La palestinese Farah Nabulsi con “The Teacher” (id., 2023-25) ci mostra in una sola storia le tre colonne del vivere in pace: educazione, perdono, sacrificio. Un messaggio cristiano da una talentuosa regista musulmana

Se non avete fatto in tempo a vederlo, correte a recuperare The Teacher (id., 2023), presentato al 43° Torino Film Festival (2025), e da una decina di giorni in distribuzione italiana: un inno lirico alla libertà, al perdono.

La regista anglo-palestinese Farah Nabulsi (classe 1978), al suo primo lungometraggio (dopo il kafkiano The present, 2020, un corto vincitore di diversi premi, incluso il prestigioso Bafta), ci spiega cosa accade nei territori occupati della Cisgiordania. Soprattutto sa raccontare, con essiccato realismo, la violenza di certi coloni, la durezza delle istituzioni israeliane pronte a dar esecuzione all’abbattimento di abitazioni dei palestinesi, e il “naturale” (ma inutile) diritto alla vendetta che scatta in chi è oppresso, in chi ha subito un assassinio di un familiare, quando la giustizia ufficiale (quella di alcuni tribunali israeliani, non di tutti) non condanna un palese colpevole.

Al centro un insegnante di lingue, Basem (Saleh Bakri: somiglia al nostro Pierfrancesco Favino: movimenti equilibrati e in sottrazione, ma rapido ad accendersi nei momenti di tensione), impegnato nel portare cultura e serenità in una terra martoriata da decenni, da una catena interrotta di soprusi e ingiustizie.

The Teacher evita di cadere nel semplice manicheismo: gli occupanti sono cattivi, gli occupati sono buoni. Tra gli ebrei israeliani vi sono anche attivisti democratici che si battono per la giustizia dei fratelli palestinesi musulmani, come l’avvocatessa Basma, pronta a portare davanti alla Corte un colono che ha assassinato a freddo, con un colpo di mitraglietta, un giovane disarmato (Yacoub), solo perché voleva difendere i suoi alberi d’olivo dall’incendio appiccato dagli stessi coloni (per costringere i poveri proprietari palestinesi a lasciare la loro terra).

Il solitario Basem è un docente preoccupato solo di insegnare con passione le lingue ai ragazzi palestinesi. In silenzio. Sta già pagando i suoi vecchi “errori”, involontari, di marito e padre: anni fa (lo sappiamo grazie a dei flashback), portando suo figlio adolescente a una manifestazione antigovernativa, contro il parere della moglie, ne aveva “causato” indirettamente l’arresto, insieme a lui e ai suoi amici, ad opera della polizia israeliana. Durante la loro dura detenzione, il ragazzo prese una polmonite e morì. La moglie non lo perdonò, lo lasciò.
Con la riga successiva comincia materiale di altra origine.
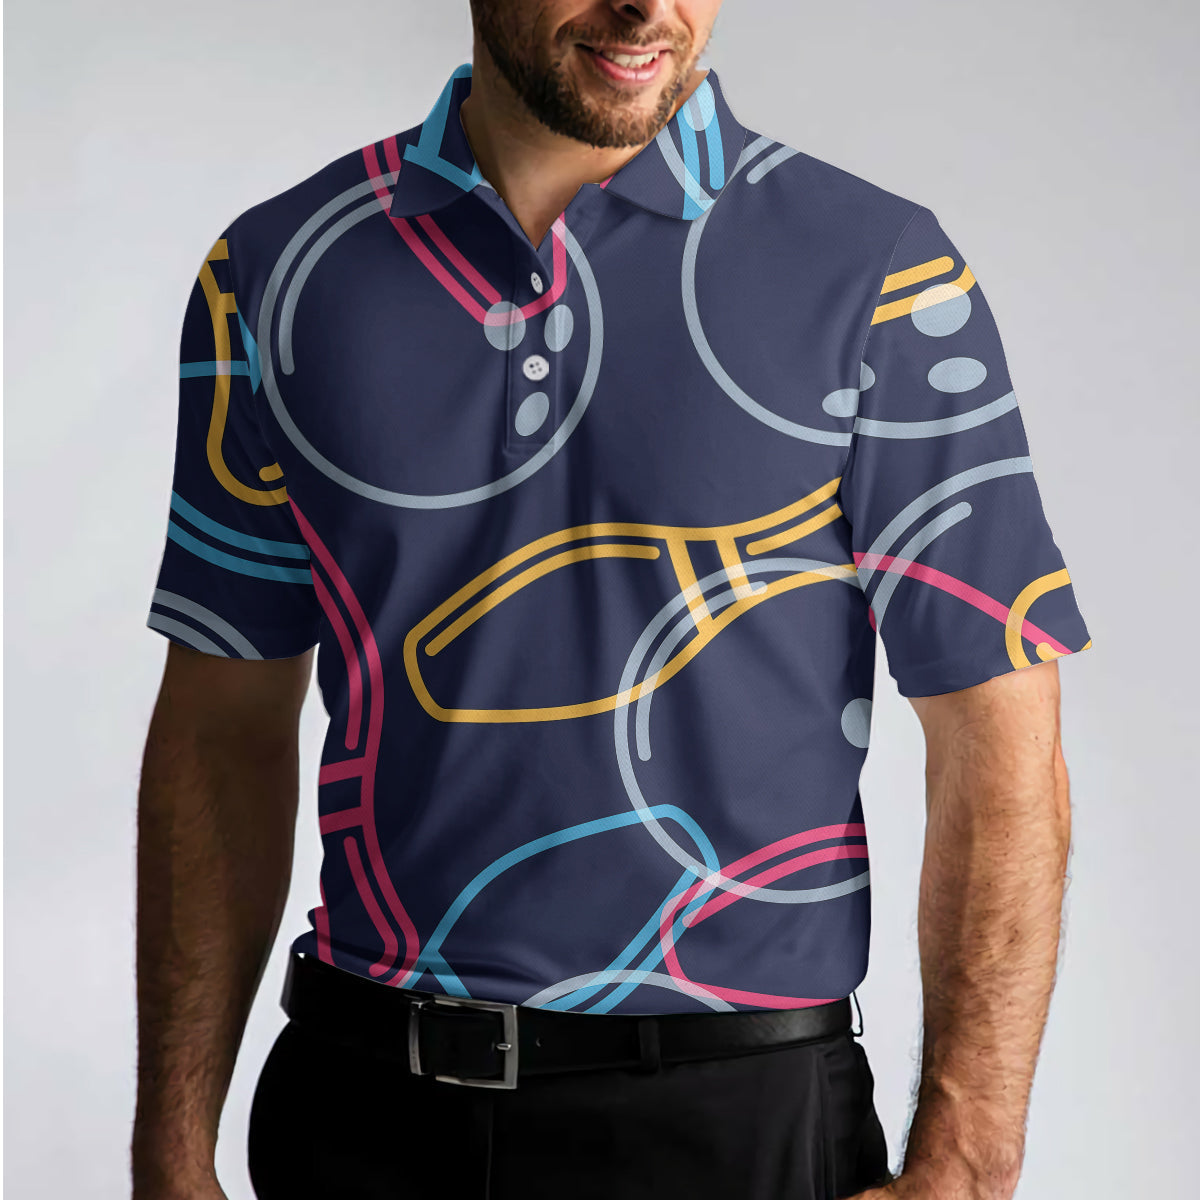 I Play Bowling Because I Like It Shirt For Men Polo Shirt/ Colorful Bowling Shirt Design For Male Bowlers Coolspod

Da allora il suo insegnare ai giovani è una sorta di compensazione per quella famiglia perduta. Soprattutto la cura verso due fratelli, senza padre, Yakub e Adam, del suo villaggio, ora seguiti anche da una educatrice inglese, Lisa (Imogen Poots: equilibrata), inviata dalla sua Organizzazione Internazionale, in Cisgiordania, per il recupero dei ragazzi soggetti all’abbandono scolastico nella fascia dell’obbligo.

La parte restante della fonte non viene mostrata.